Di neo-romanico l’architetto perpetua l’impianto a tre navate riducendo le absidi da tre a una, posta al termine della navata centrale, e non enfatizzando l’uso del mattone; inoltre aggiunge due aule semicircolari, una per la sagrestia, una per una cappella e il battistero ottagonale medievaleggiante con una scultura giovanile di Giacomo Manzù, il San Giovannino.
L’immagine complessiva della nuova architettura sacra ha carattere decisamente monumentale, ma spogliato dalle decorazioni e da accessori superflui: il ruolo principale lo assume la copertura a botte rigorosamente geometrizzata (in effetti un semi-cilindro) che poggia su una sequenza di colonne in pietra classicheggianti e indirizza lo sguardo verso l’altare maggiore che diventa architettura grazie a un ciborio in pietra che poggia su quattro colonne minori. Il transetto è più alto e strutturato con una sequenza di travi lignee poste di coltello.
Anche la tecnica di realizzazione della volta a botte risulta innovativa: realizzata in cemento armato con spessore non superiore ai venti centimetri e elementi in cotto.

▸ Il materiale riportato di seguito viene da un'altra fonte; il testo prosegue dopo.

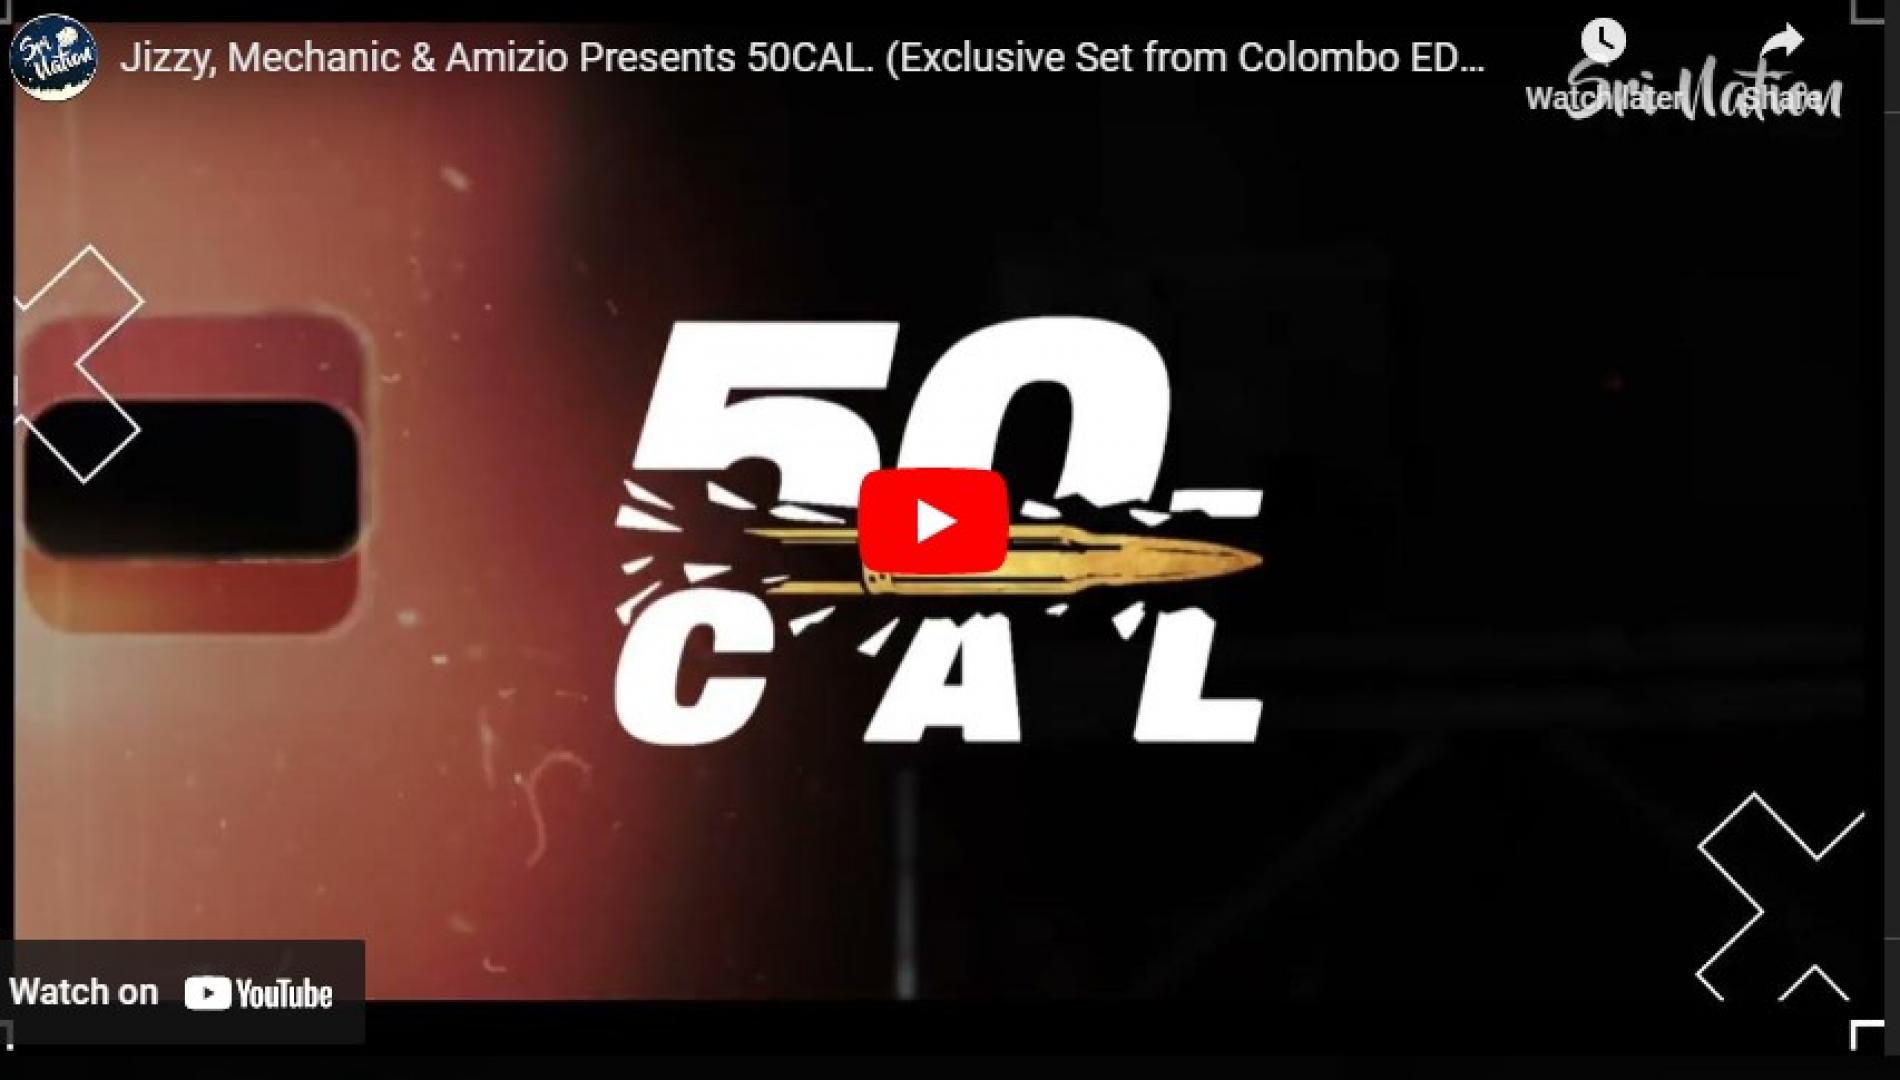 News : Jizzy, Mechanic & Amizio Presents 50CAL (Exclusive Set from Colombo EDM Festival)
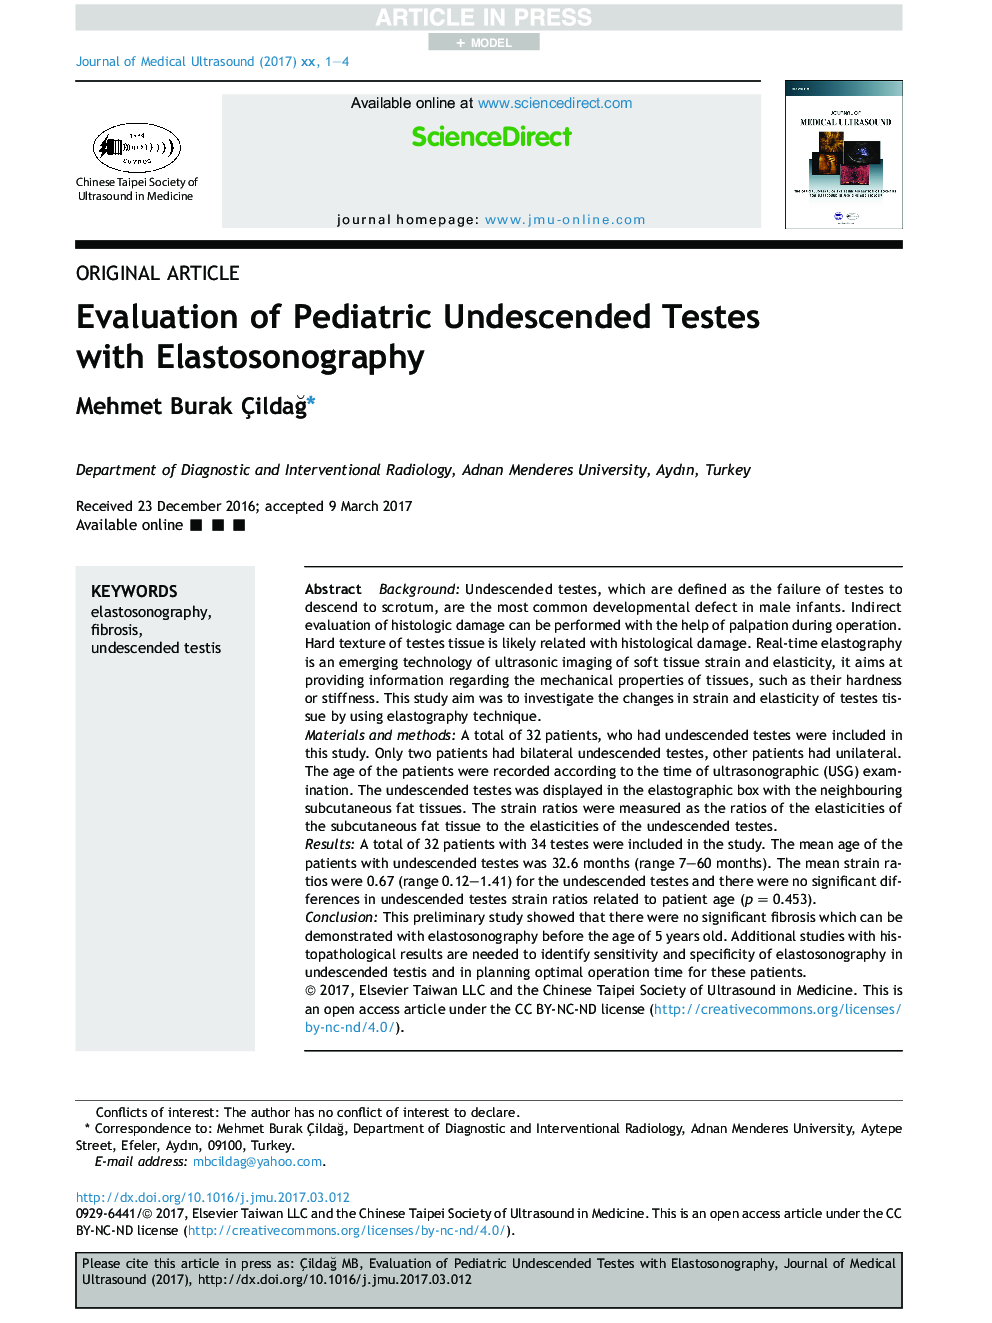 Evaluation of Pediatric Undescended Testes with Elastosonography
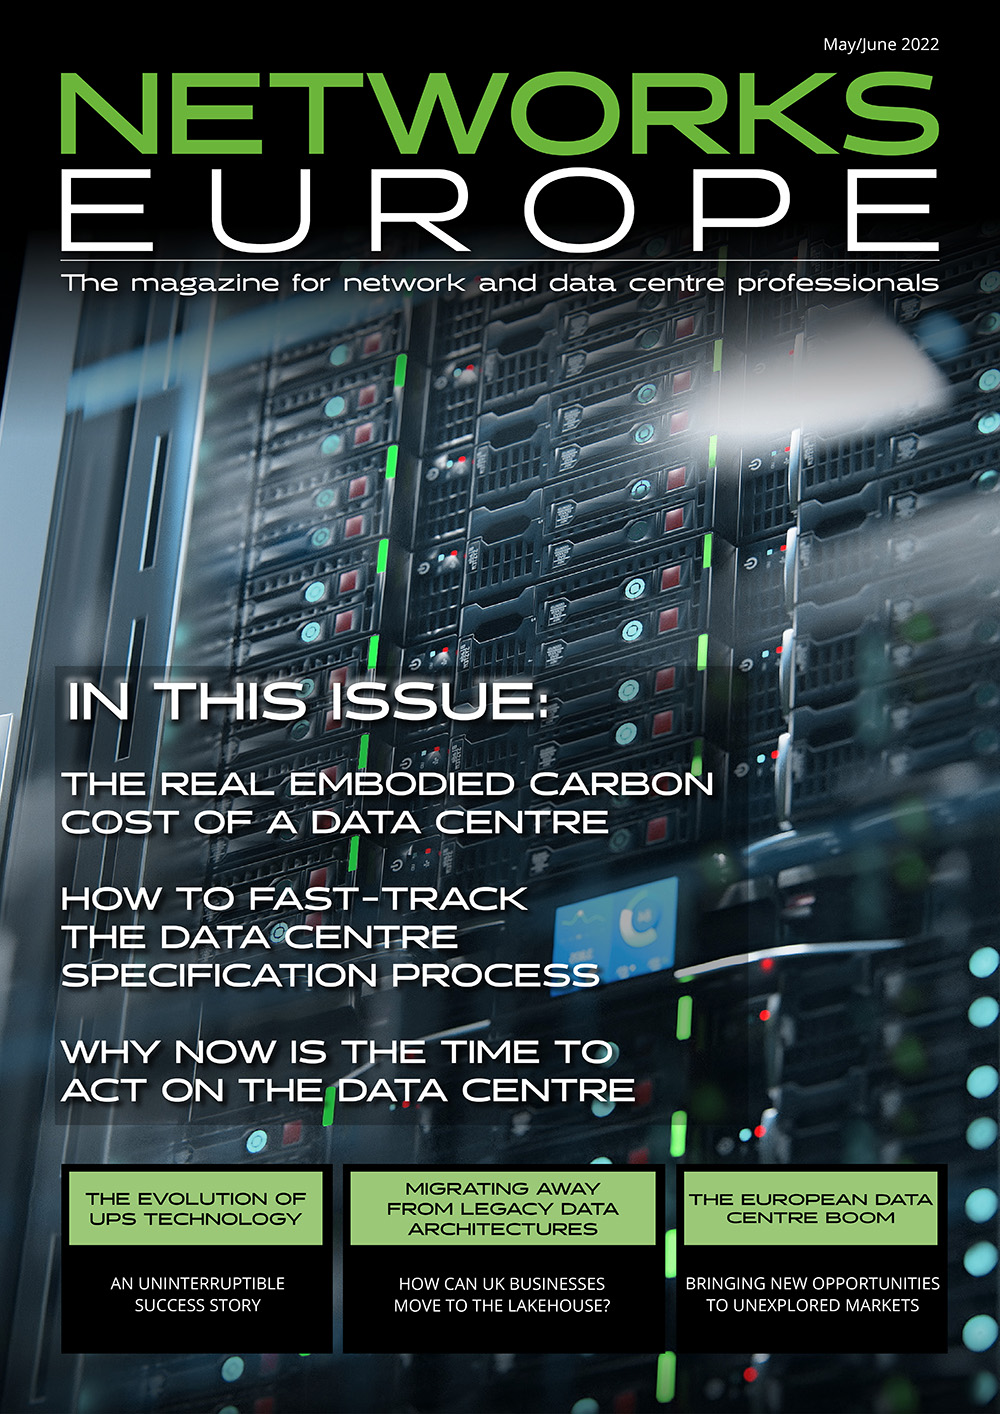 NEM - May/June 2022 Issue (front cover)
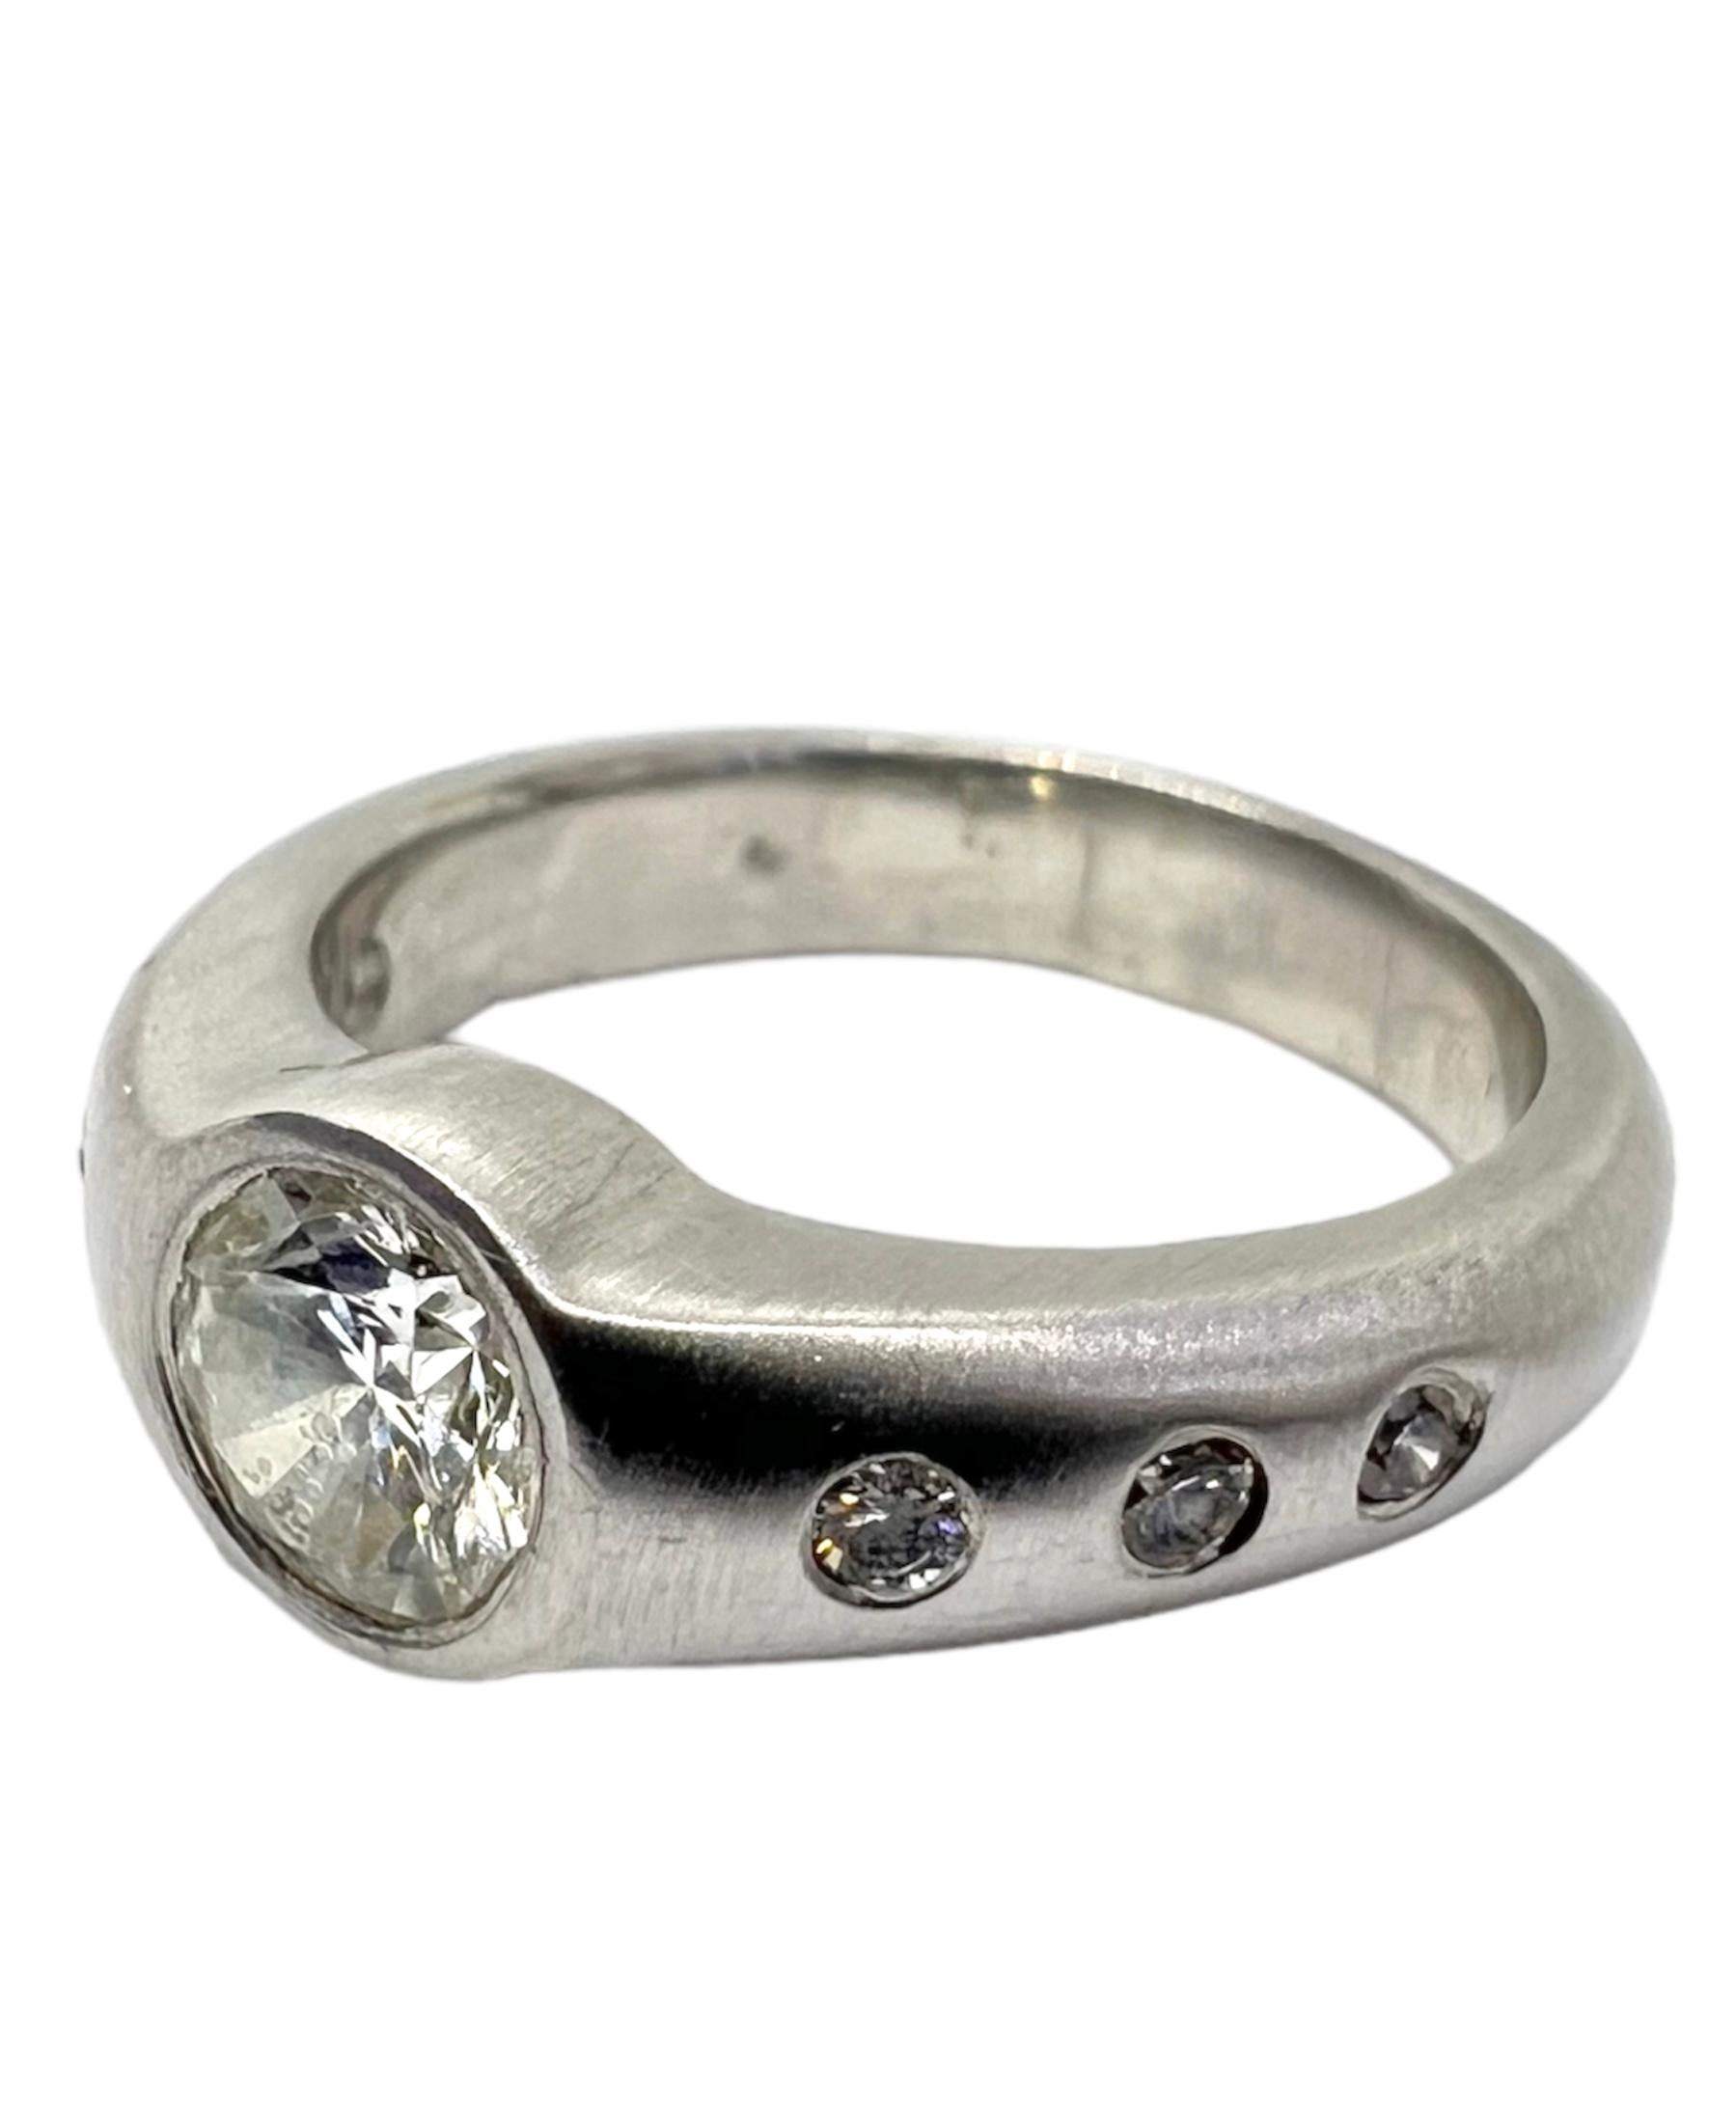 .60 carat diamond ring set in platinum.

Sophia D by Joseph Dardashti LTD has been known worldwide for 35 years and are inspired by classic Art Deco design that merges with modern manufacturing techniques.

Questo rapporto tra elementi neoclassici – figli dell’eclettismo – e geometrie elementari – che introducono al razionalismo – è la cifra che spinge in avanti il progetto e lo fa entrare decisamente nella modernità.
Carlo Pozzi
Quando si parla di Dan Flavin (1933-1996), non si può fare a meno di riflettere sulle sperimentazioni con la luce artificiale. Dagli anni Sessanta, l’artista americano, protagonista della Minimal Art, usa oggetti d’uso quotidiano, come neon industriali da parete, per creare installazioni scultoree (icons), dagli effetti luministici straordinari, sviluppando un’estetica nuova e originale, con al centro la luce. Gli interni si presentano come luoghi d’irradiazioni luminose, in cui ogni limite sembra annullato, ogni direzione dissolta, come in Varese corridor, le installazioni di Villa Litta Menafoglio a Varese, realizzate nel 1976[1]. Flavin, chiamato dal conte Giuseppe Panza di Biumo, realizza sculture con tubi fluorescenti – neon di tre lunghezze – che si ripetono e s’intrecciano come fili, creando uno spazio colorato[2].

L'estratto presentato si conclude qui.